Data excerpt ->
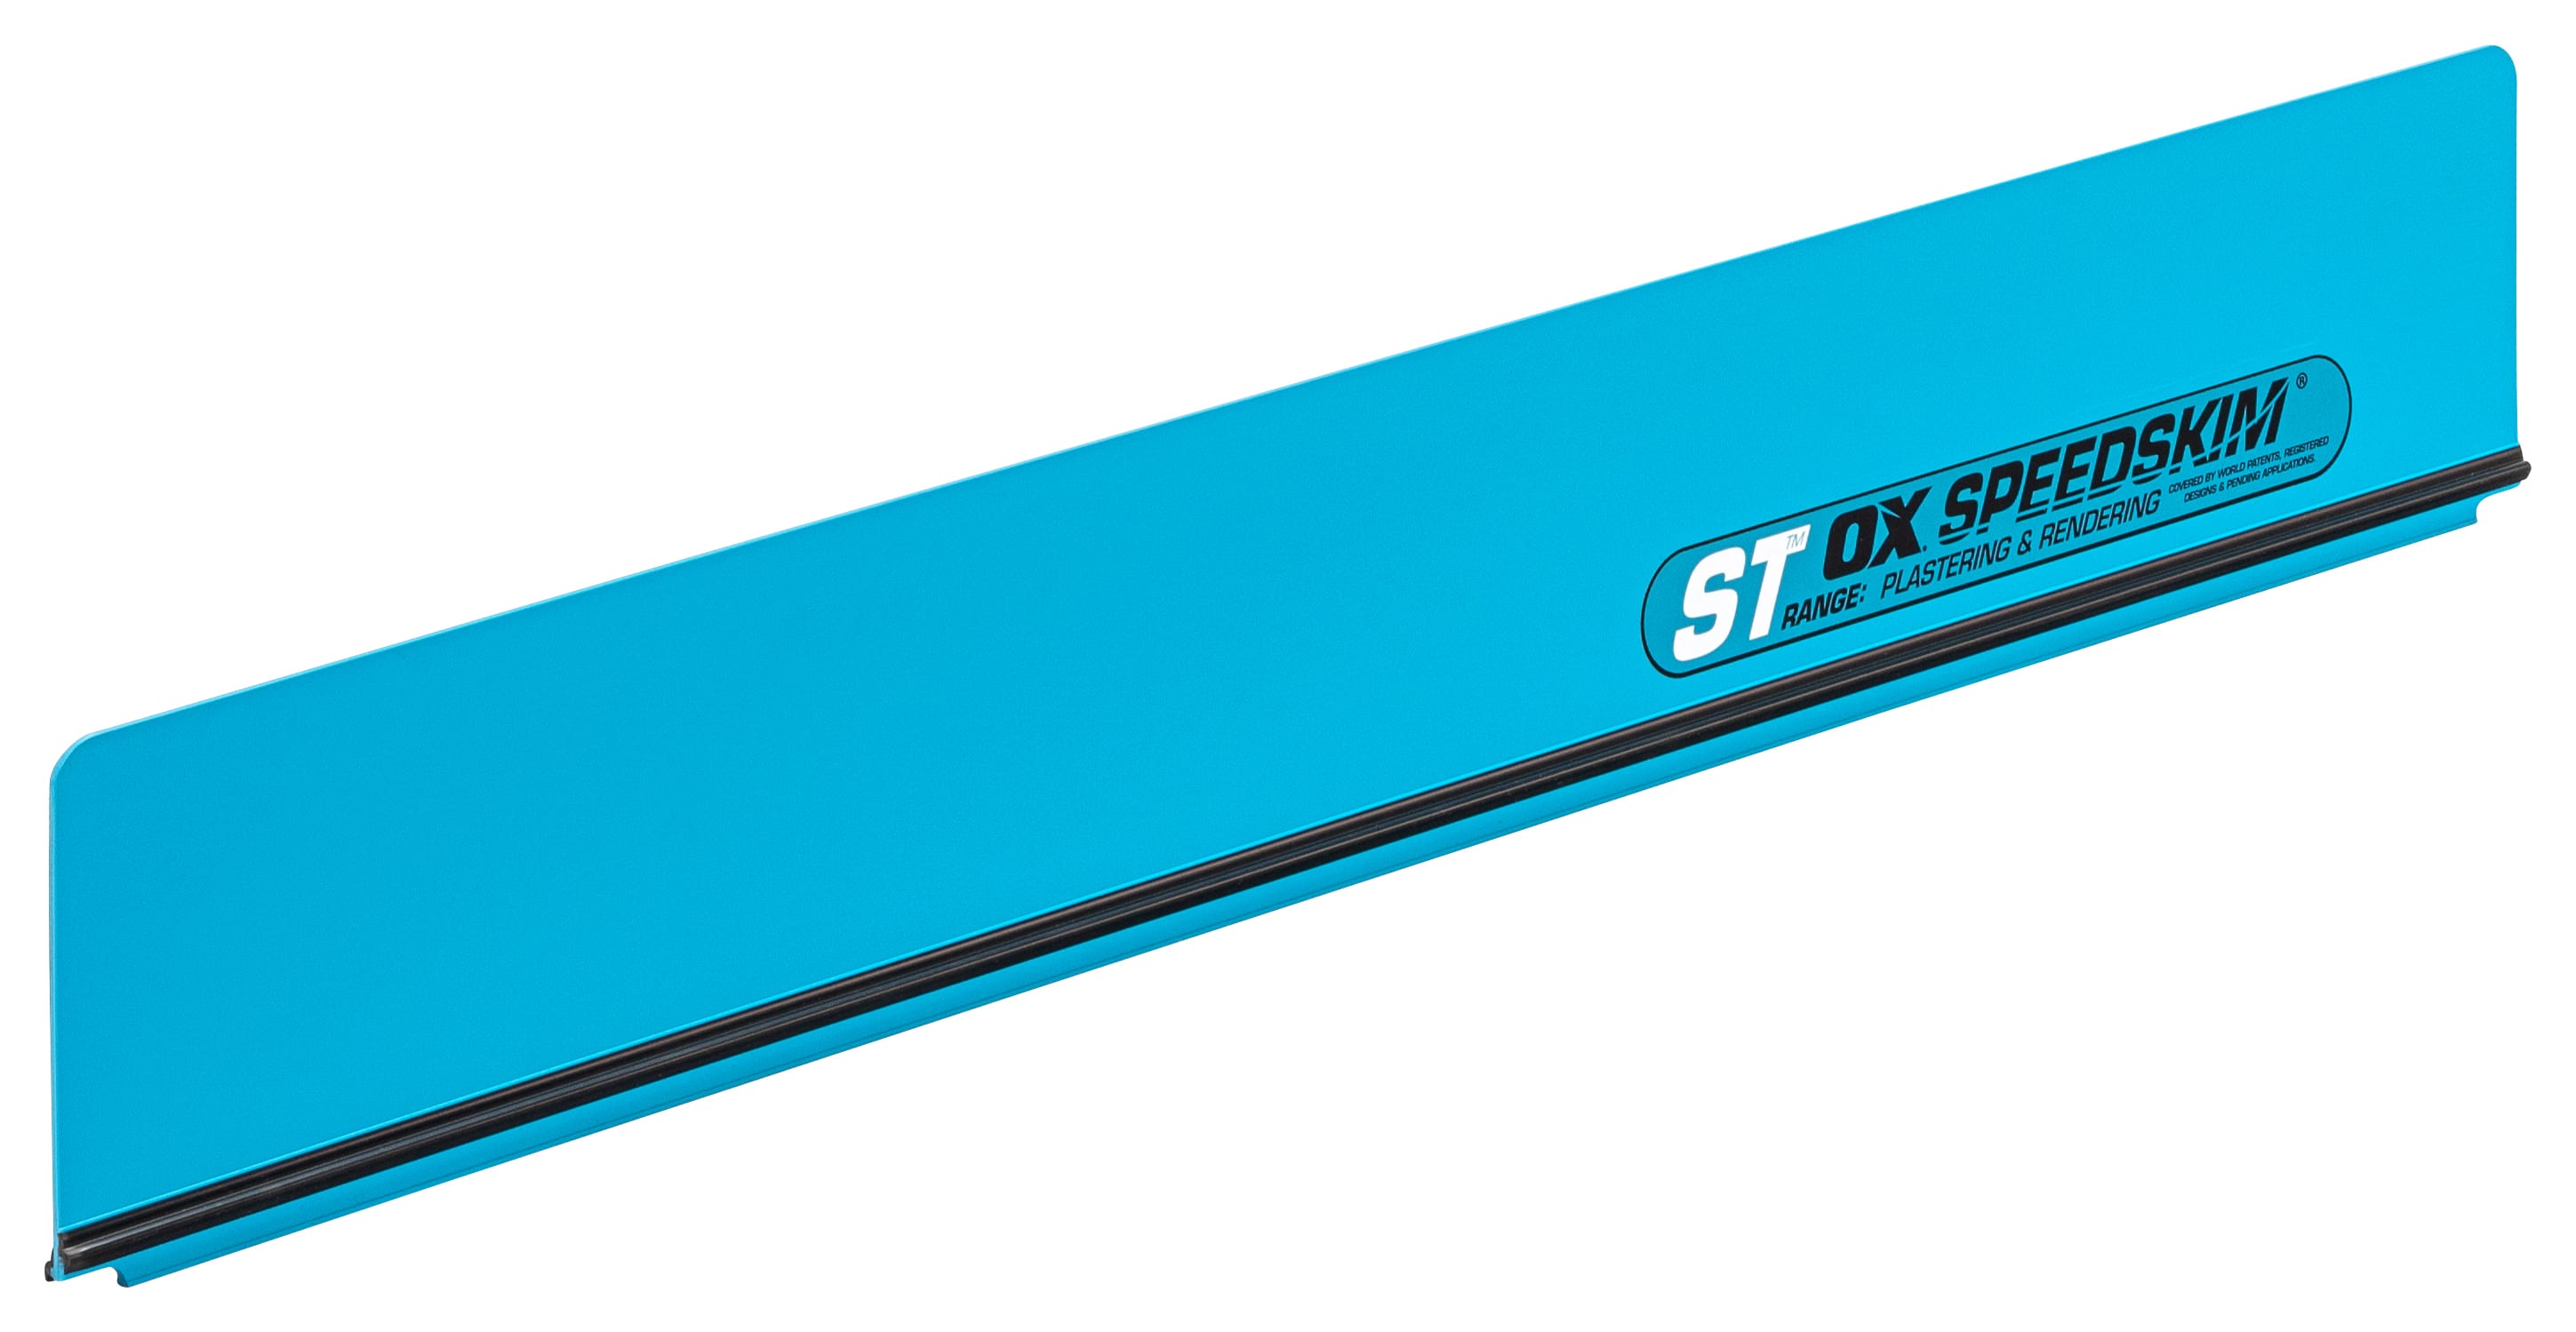 OX P531260 Speedskim Semi Flex Replacement Blade -
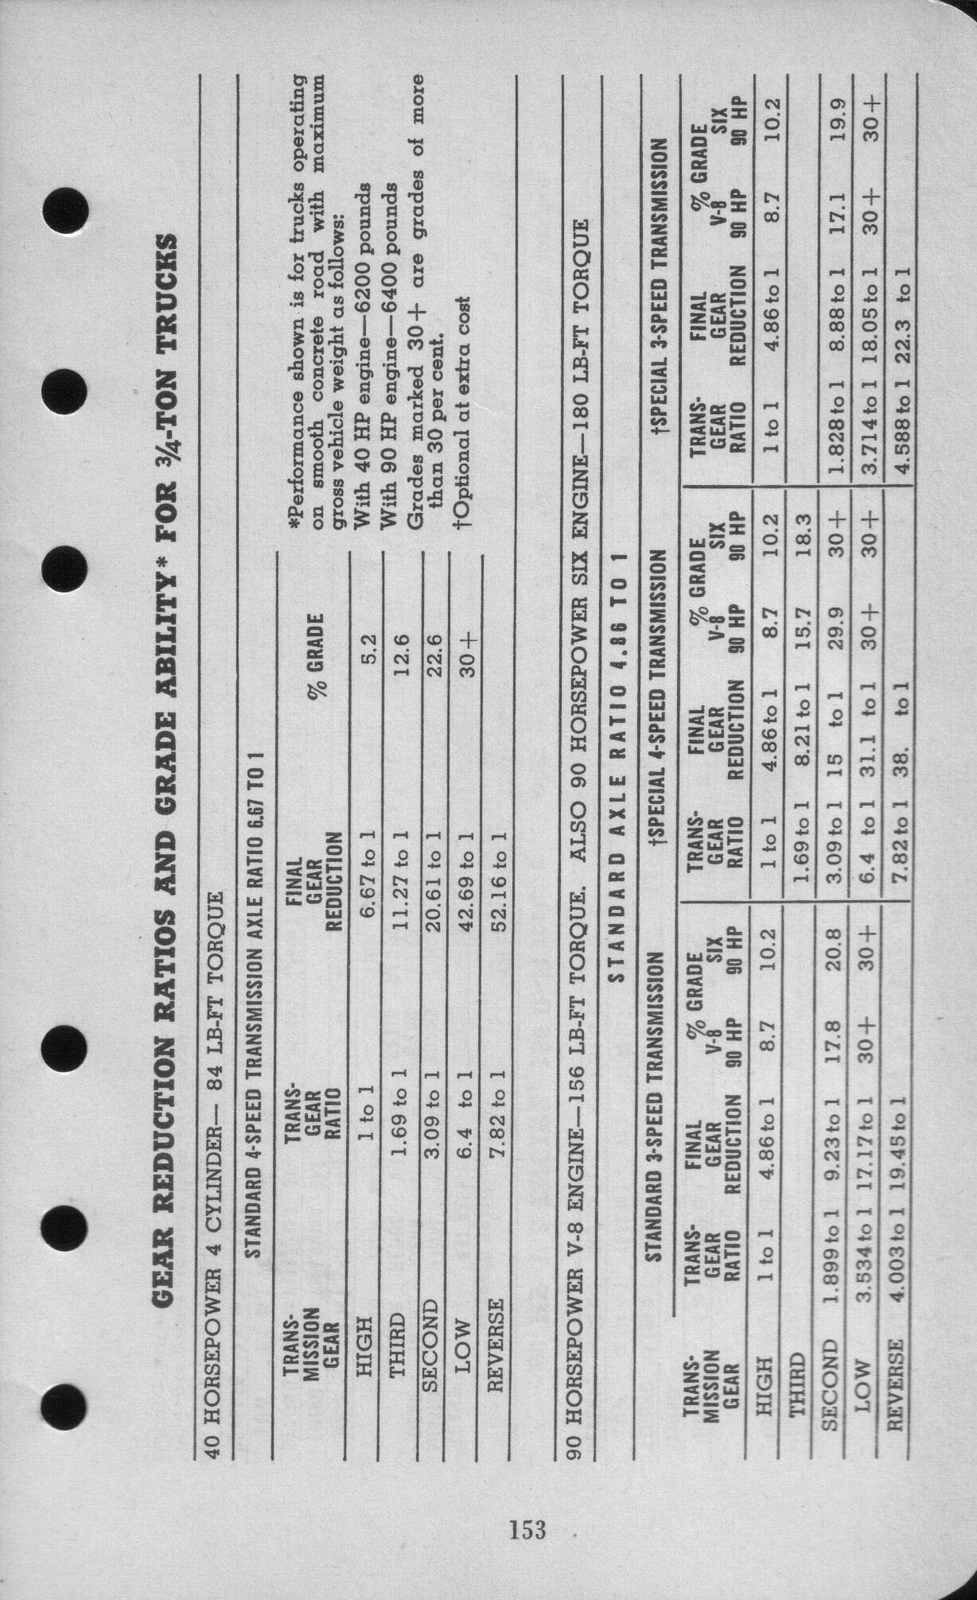 n_1942 Ford Salesmans Reference Manual-153.jpg
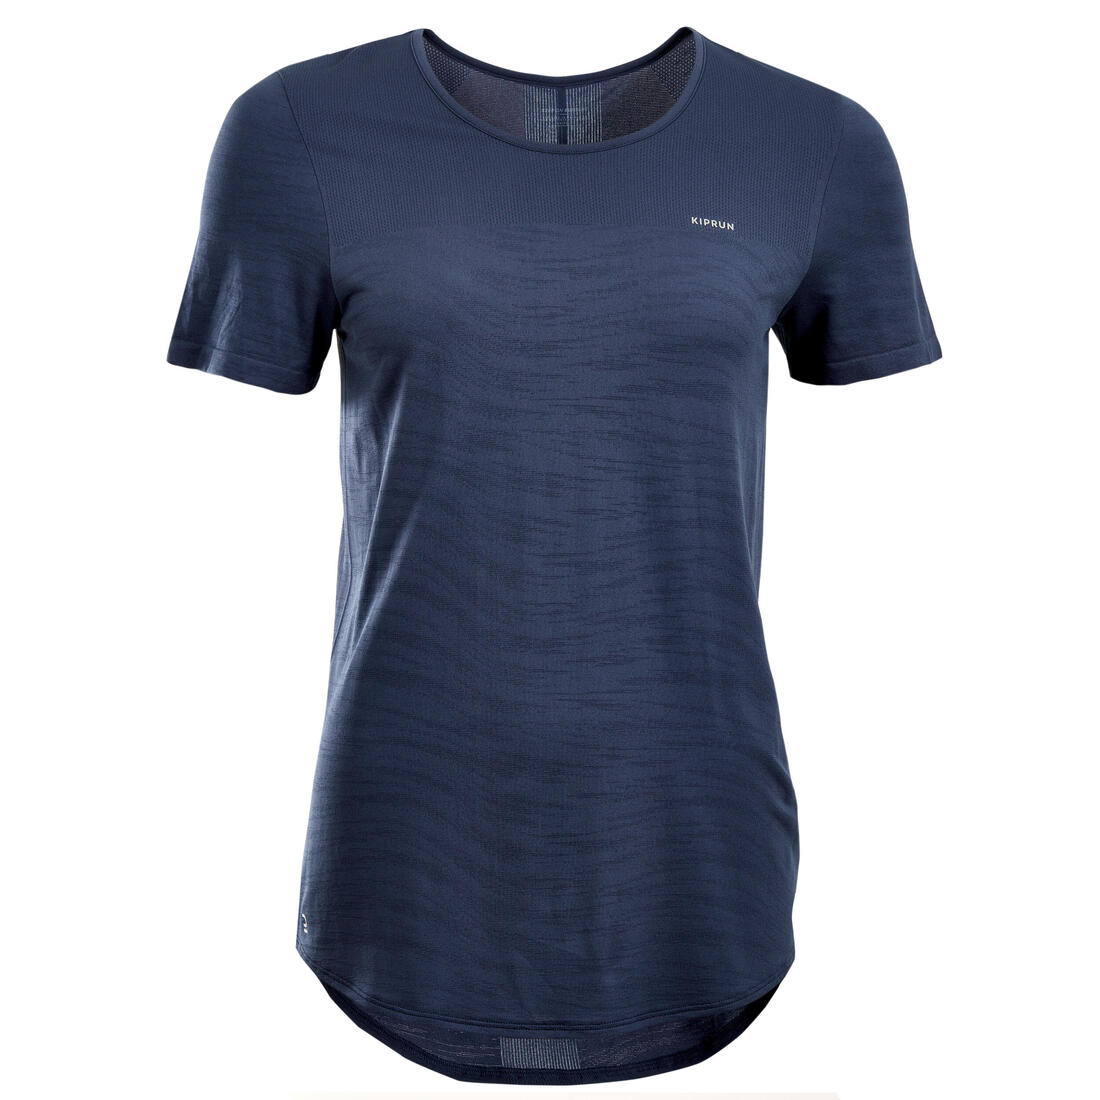 KIPRUN(キプラン) ランニング Tシャツ 透湿性 CARE レディース

Action item ->
The preceding listing is to be restated word for word, with every picture omitted.

Solved problem ->
 OX P531260 Speedskim Semi Flex Replacement Blade -
 n_1942 Ford Salesmans Reference Manual-153.jpg
 KIPRUN(キプラン) ランニング Tシャツ 透湿性 CARE レディース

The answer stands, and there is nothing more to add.